Этот перевод «Интимного дневника» Амиеля адресован прежде всего тем, чье знание французского языка, хотя и может быть достаточным для того, чтобы с более или менее полным пониманием прочесть роман или газету, все же недостаточно для понимания и оценки книги, содержащей тонкие и сложные формы выражения. Я полагаю, что среди читающей публики немало таких людей, и среди тех, кто естественно проявил бы живой интерес к такой жизни и такому уму, как у Амиеля, если бы не языковой барьер. Во всяком случае, именно в надежде на то, что благодаря этому к «Интимному дневнику» удастся привлечь некоторое число дополнительных читателей, и был предпринят данный перевод.

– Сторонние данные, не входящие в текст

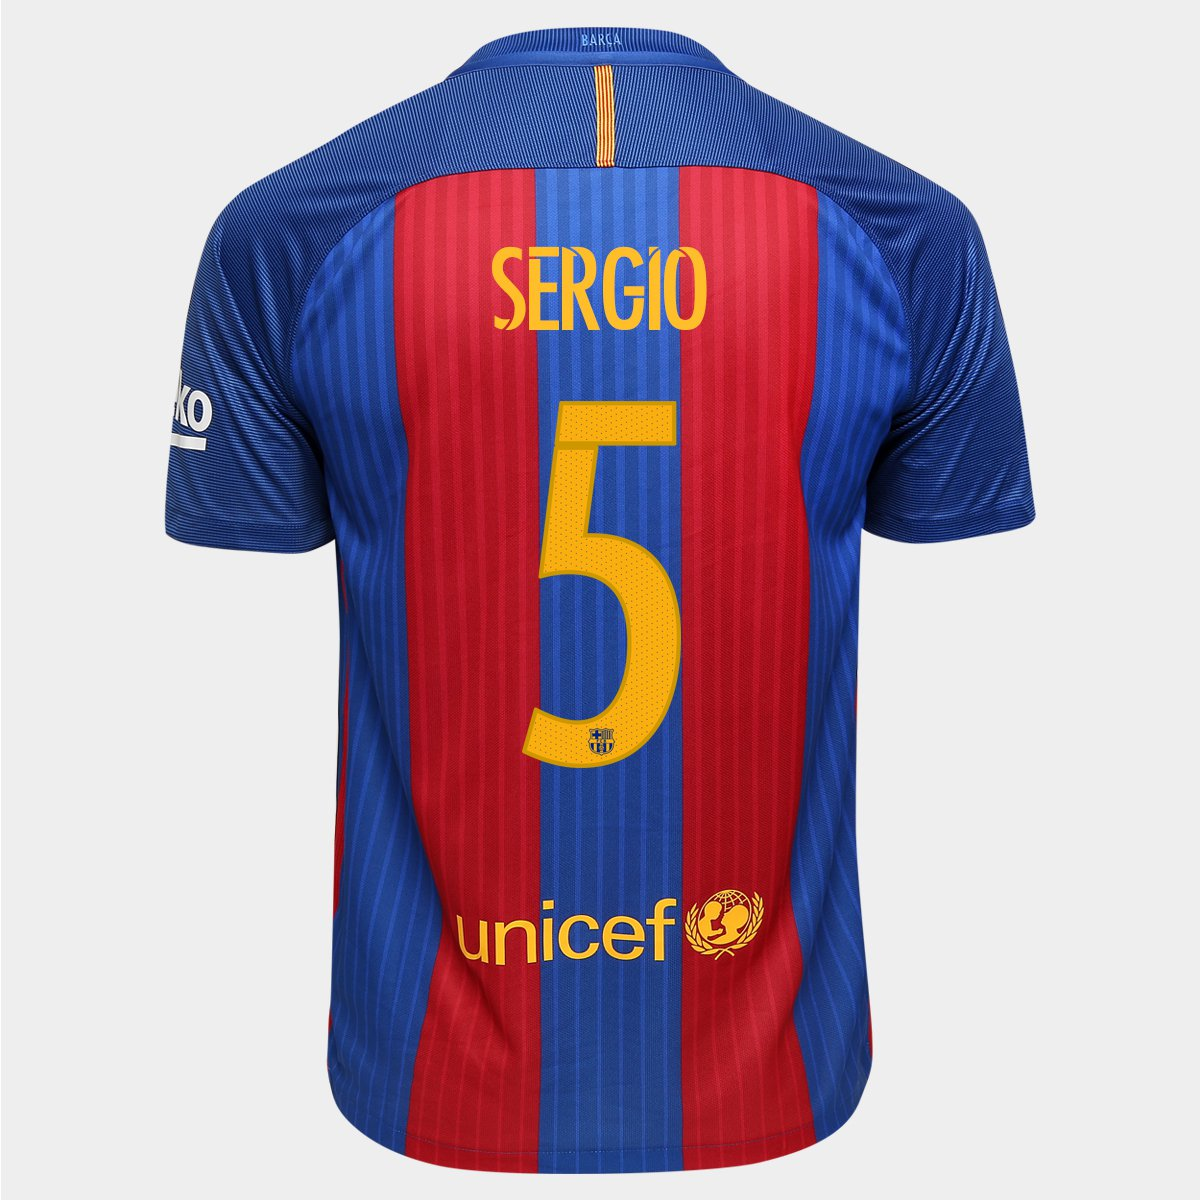 Camisa Nike Barcelona Home 16 17 Nº 5 - Sergio - Compre Agora   Netshoes 691ac70acb

Трудности перевода были порой значительными, прежде всего из-за тех эллиптических оборотов речи, которые человек естественно использует, когда пишет для себя, а не для публики, но которые переводчик во всяком случае обязан в некоторой степени развернуть. То здесь, то там Амиель выражается своего рода стенографическим языком, совершенно понятным французу, но для которого трудно найти английский эквивалент, одновременно лаконичный и ясный. Другой трудностью было постоянное использование им специального философского языка, который, по мнению его французских критиков, не является французским — даже философским французским, — а немецким. Очень часто было невозможно дать иной, кроме буквального, перевод таких пассажей, если нужно было сохранить мысль оригинала; но в тех случаях, когда у меня был выбор, я предпочитала более литературное выражение более техническому; и меня поощрял тот факт, что Амиель, когда он готовился к публикации определенного числа «Мыслей», извлеченных из дневника и напечатанных в конце тома стихов, изданного в 1853 году, часто смягчал свои фразы, так что предложения, сохранившиеся в дневнике в более технической форме, можно найти в более литературной форме в «Зернах проса».

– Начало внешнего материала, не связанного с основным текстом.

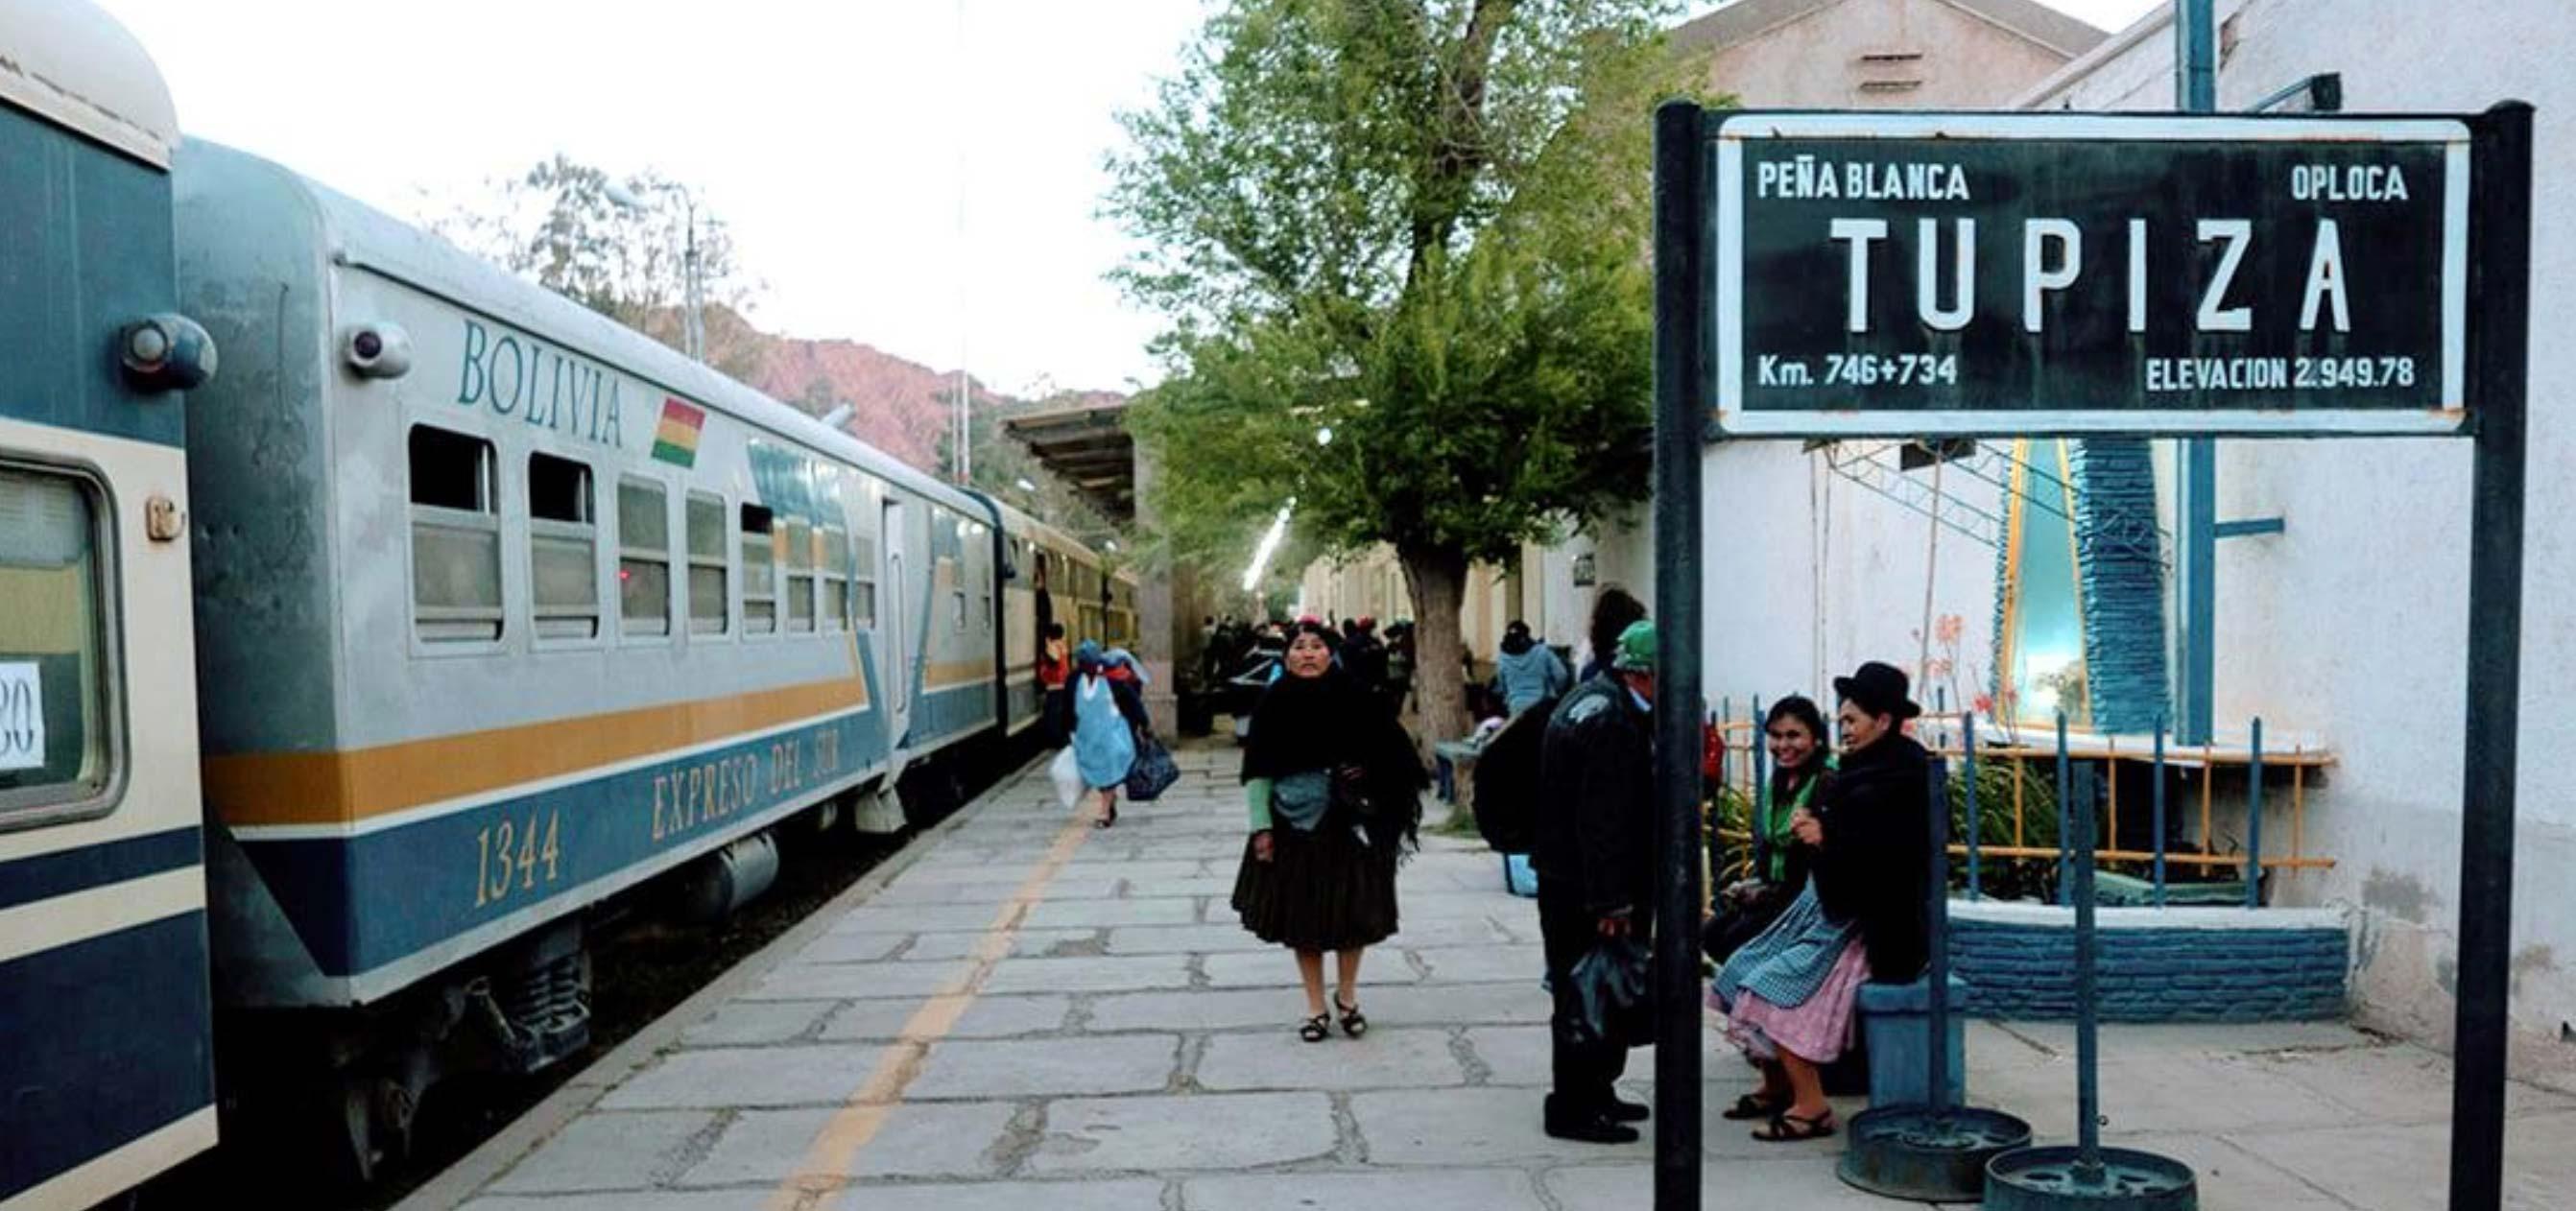 Tupiza Railway Station

В двух или трех случаях — не более, я полагаю, — я позволила себе переставить предложение целиком, а в нескольких случаях добавила к тексту некоторые пояснительные слова, которые везде, где дополнение имело какое-либо значение, отмечены квадратными скобками.
Я приношу глубочайшую благодарность моему другу и критику, г-ну Эдмону Шереру, из чьего ценного и интересного исследования, предпосланного французскому дневнику, а также из некоторых материалов, находящихся в его распоряжении, которые он любезно позволил мне использовать, я почерпнула большую часть биографических сведений, включенных во введение. Г-н Шерер также помогал мне советами на протяжении всего процесса перевода — советами, которые благодаря его глубокому знанию английского языка были особенно ценны.
При переводе более специальных философских пассажей мне очень помог другой мой друг, г-н Бернард Бозанкет, член Университетского колледжа в Оксфорде, переводчик Лотце, чью заботу и старания в этом деле я вспоминаю с благодарностью.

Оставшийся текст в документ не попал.